Во время перелета в Чикаго я просматривала свою переписку с автором диссертации по истории бесплодия. «А что касается документальных сведений, почти все клиники их целенаправленно уничтожали», — писала она. Я неотрывно смотрела на слово
Машина уехала, и я подошла к ступенькам дома двоюродной сестры Джоан, где теперь жила Ширли. Через четыре часа за мной приедет другой автомобиль. Четыре часа, в которые я расскажу своей тетке — однажды назвавшей себя дочерью ткача, — что мы с ней не были ниточками одной и той же ткани, что мы не были родственниками по крови, что ее горячо любимый старший брат не был моим отцом.
Джоан открыла дверь и гостеприимно пригласила меня войти. Я все еще держала в руке старбаксовский стаканчик с остатками купленного в аэропорту кофе. Был ли «Старбакс» достаточно кошерным? Этого я не знала.
— С этим можно? — Я указала на стаканчик.
Даже если бы было нельзя, в неловкое положение она бы меня не поставила.
— Конечно. Мама ждет тебя.
Джоан провела меня в гостиную. Там в углу в рамке висела фотография Иосифа Соловейчика, того же раввина, чей портрет украшал кабинет Лукстайна в школе «Рамаз». Вдоль стен вокруг письменного стола стояли книжные шкафы, заполненные томами на иврите в кожаных переплетах. На нескольких полированных столах — в точности как было у Ширли дома под Бостоном и в квартире моей бабушки в Нью-Йорке — стояли сотни семейных фотографий. Наверное, Джоан их унаследовала на правах старшей дочери. То, что я была частью этой огромной коллекции, одновременно и успокаивало, и сбивало с толку. Я одна была белокожим светловолосым ребенком среди моря темноволосых темноглазых внуков и правнуков — моя непохожесть была явно заметна. Однако у меня никогда не возникало сомнений, что я была частью цепочки, тянувшейся, не прерываясь, далеко назад сквозь поколения. Когда я вошла в гостиную двоюродной сестры Джоан, теперь, зная правду, мне показалось, что звенья той цепочки рассыпались вокруг меня по полу.
Из своей комнаты вышла Ширли, и мы крепко обнялись. На ней были темная юбка и серая шелковая блузка, серебристые волосы убраны назад в низкий узел. Без всяких изысков. Без макияжа. Без цепочки, без серег. Лишь простое обручальное кольцо из золота украшало ее мягкие элегантные руки. Пианистка Джульярдской школы, она запросто садилась за клавиатуру и играла баллады Брамса, хотя ей уже было далеко за восемьдесят.

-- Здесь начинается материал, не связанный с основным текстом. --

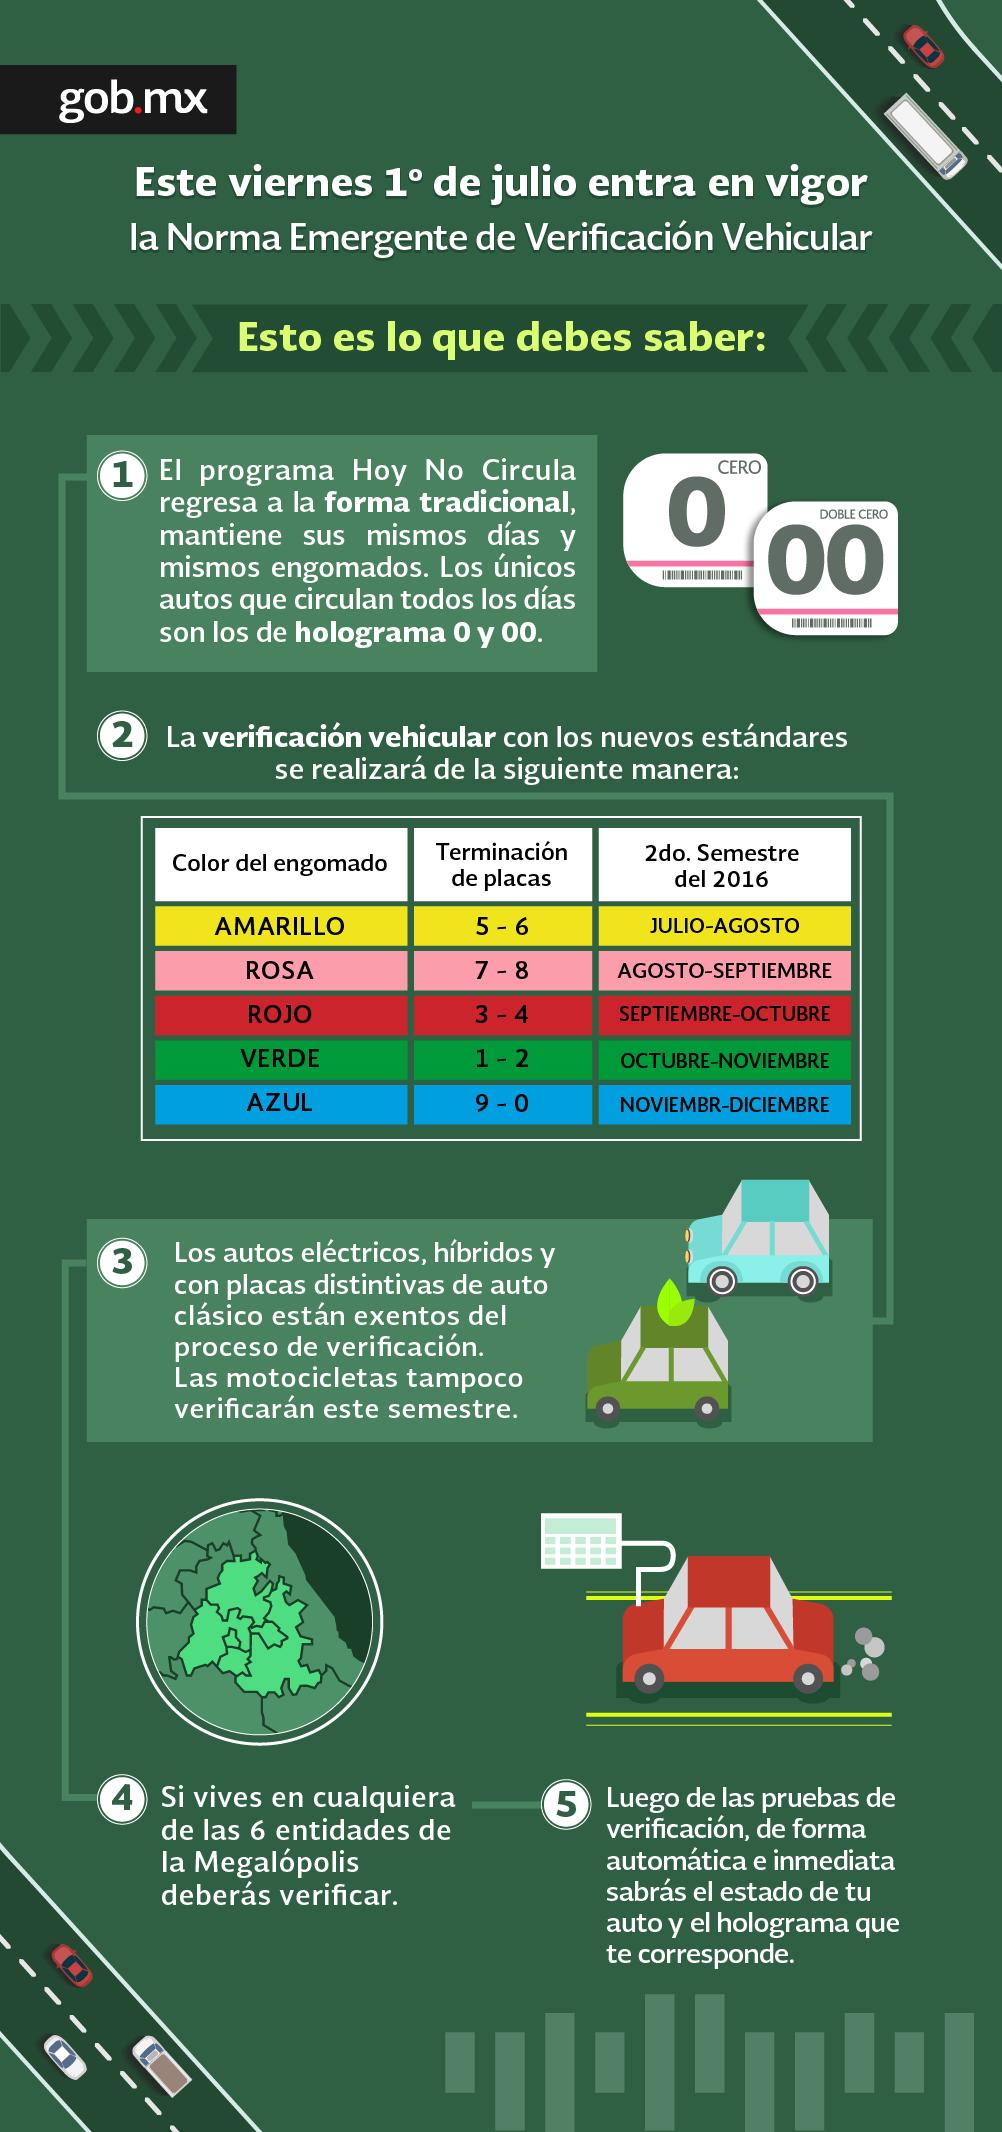 Verifiacion Vehicular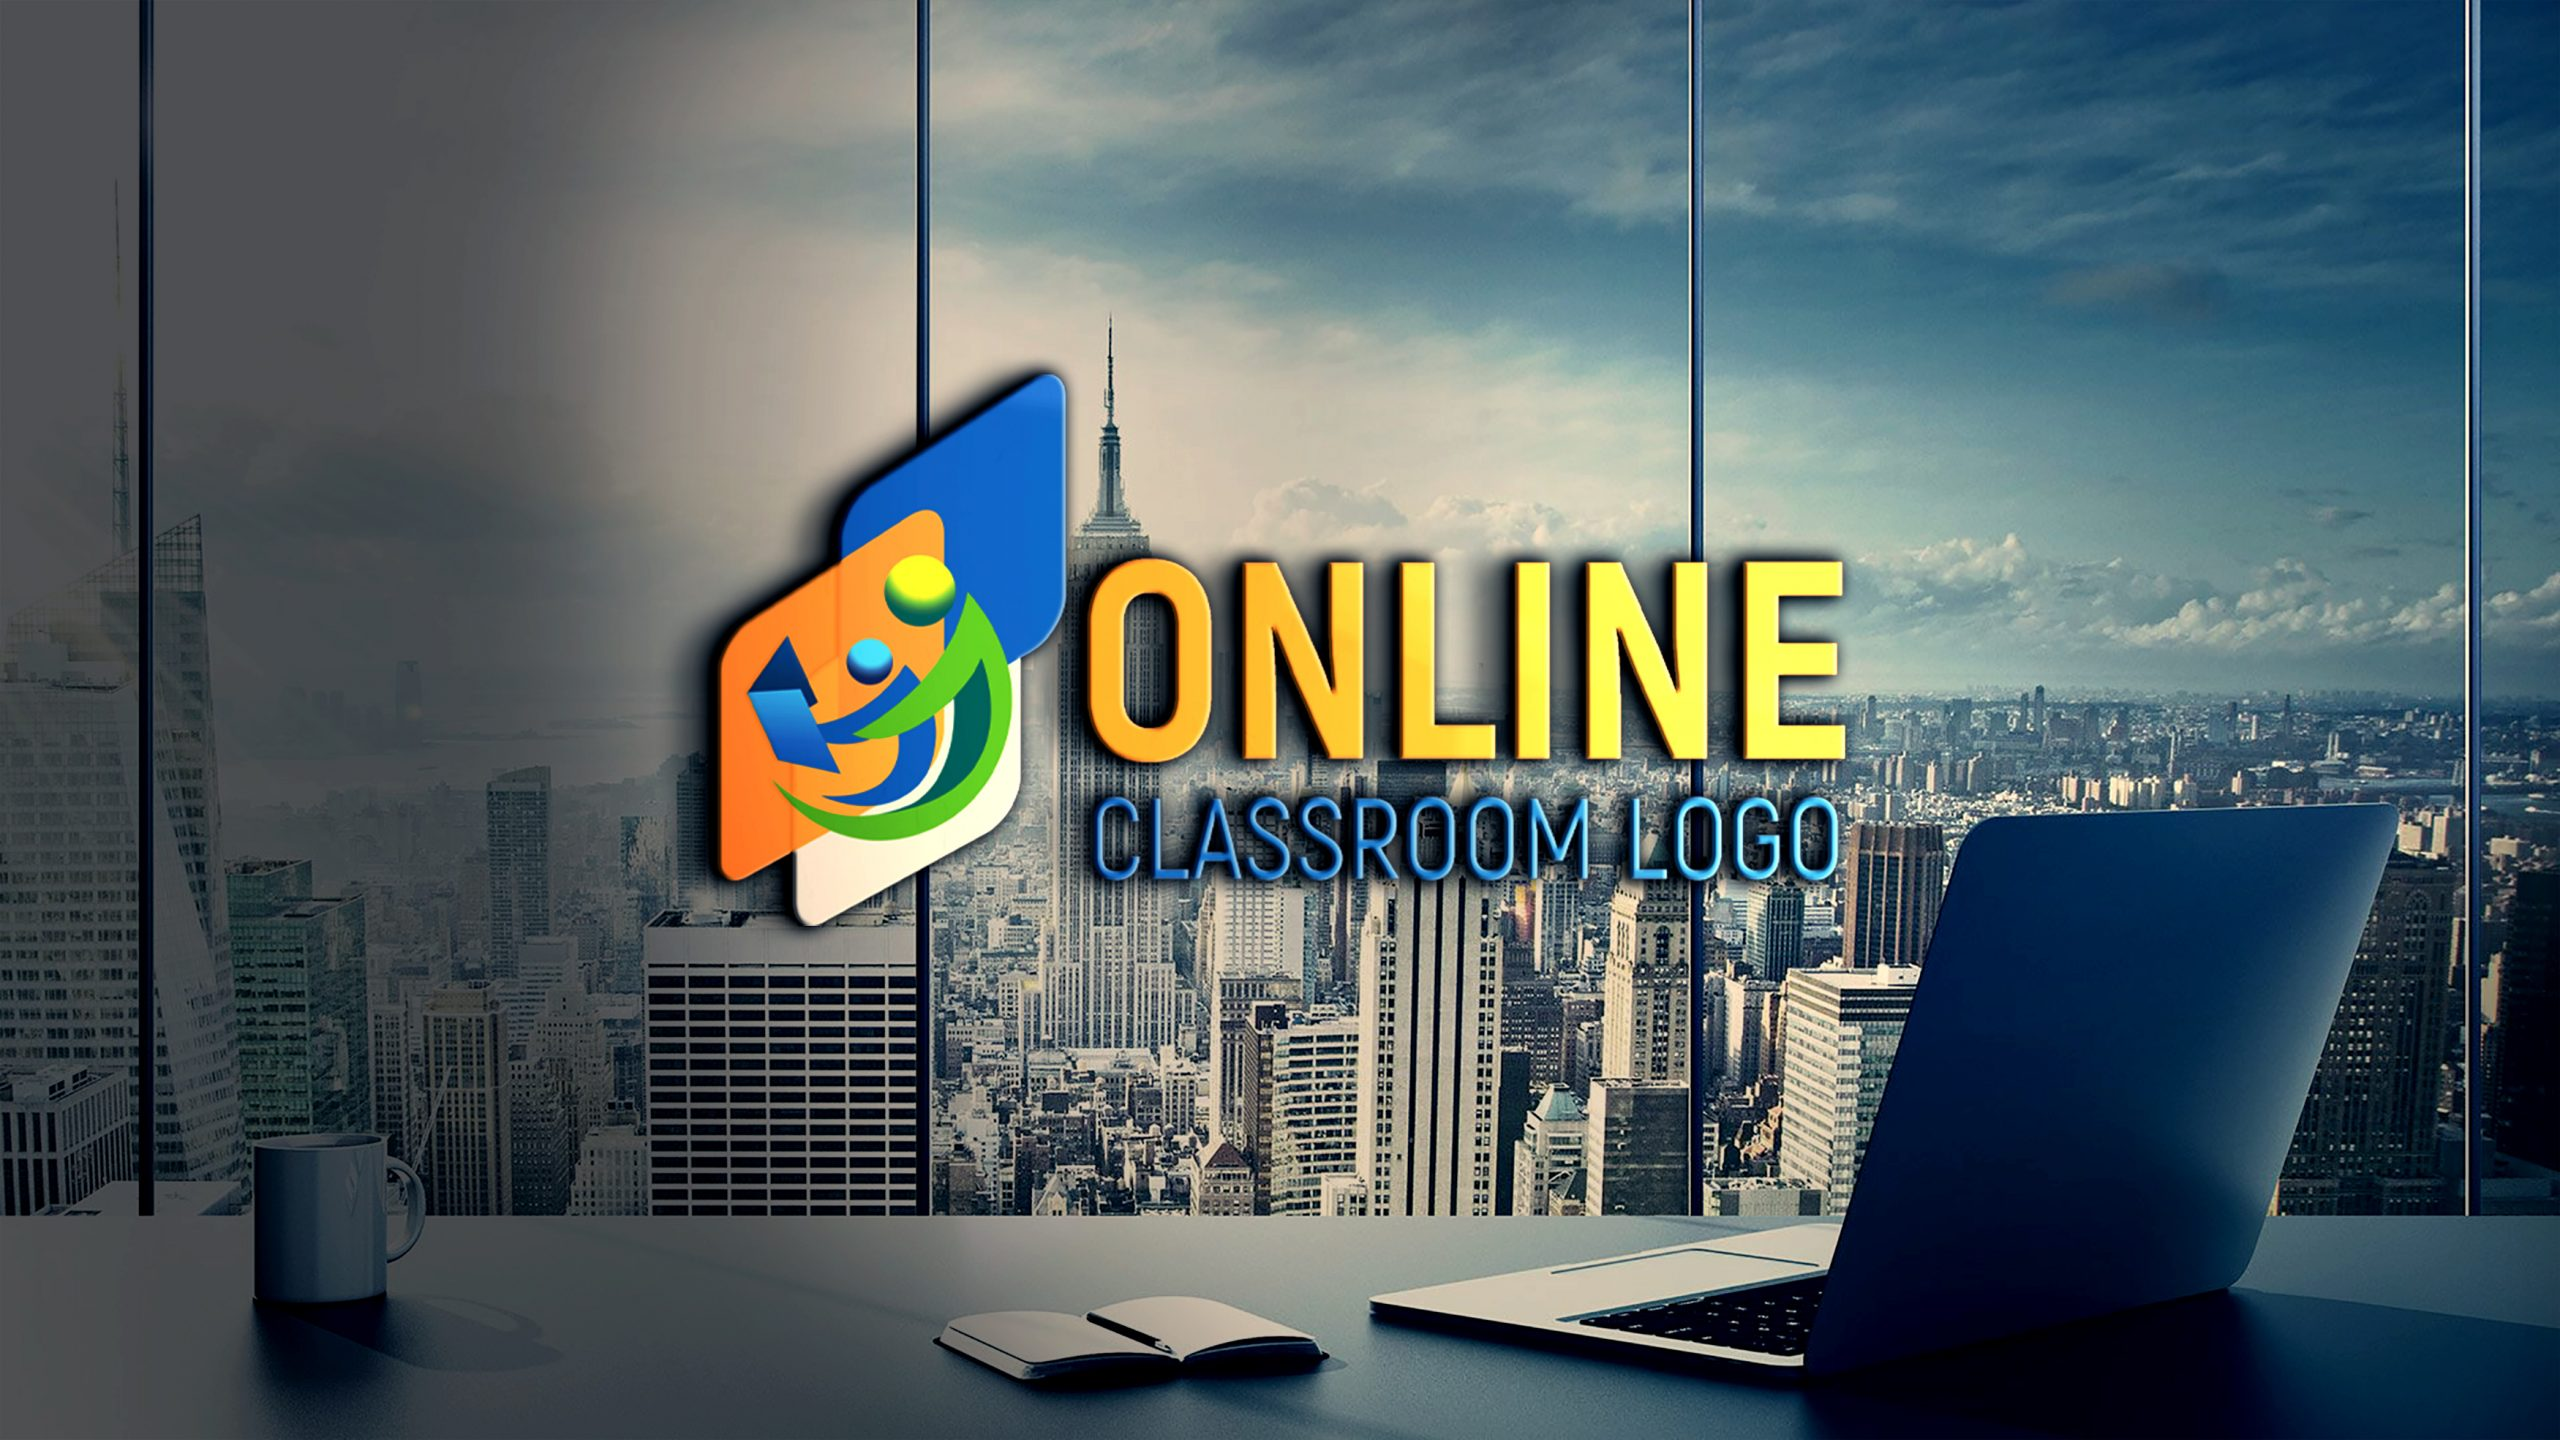 Free Online Class Logo Template on Transparent Glass

С каждым годом она становилась меньше. Когда я обняла ее, макушка едва доходила мне до подбородка.
— Дорогая, до того как мы усядемся, давай зай дем ко мне в комнату. Мне нужно тебе кое-что показать.
Вслед за Ширли я прошла в ее спальню. Она сумела забрать самое необходимое из своего семикомнатного дома недалеко от Бостона, сохранив в этой простой, почти монашеской комнате суть своей жизни. Черно-белые портреты ее четверых детей располагались на стене напротив ее маленькой, красиво застеленной кровати. Фото покойного мужа, моего дяди Мо, стояло на книжной полке вместе с фотографиями двух ее братьев, моего папы и дяди Харви. Никого из них не было в живых. Среди своего поколения она была последней. На стопке пьес Шекспира красовалась пара древних пинеток. Все мои книги — пять романов, три книги мемуаров — примостились среди томов иудаики. Мучительно заколотилось сердце от страшной мысли: стала бы она держать на полке мои книги, узнав правду? Имело бы это для нее значение, стала бы она упрекать меня за то, что я не была дочерью ее брата?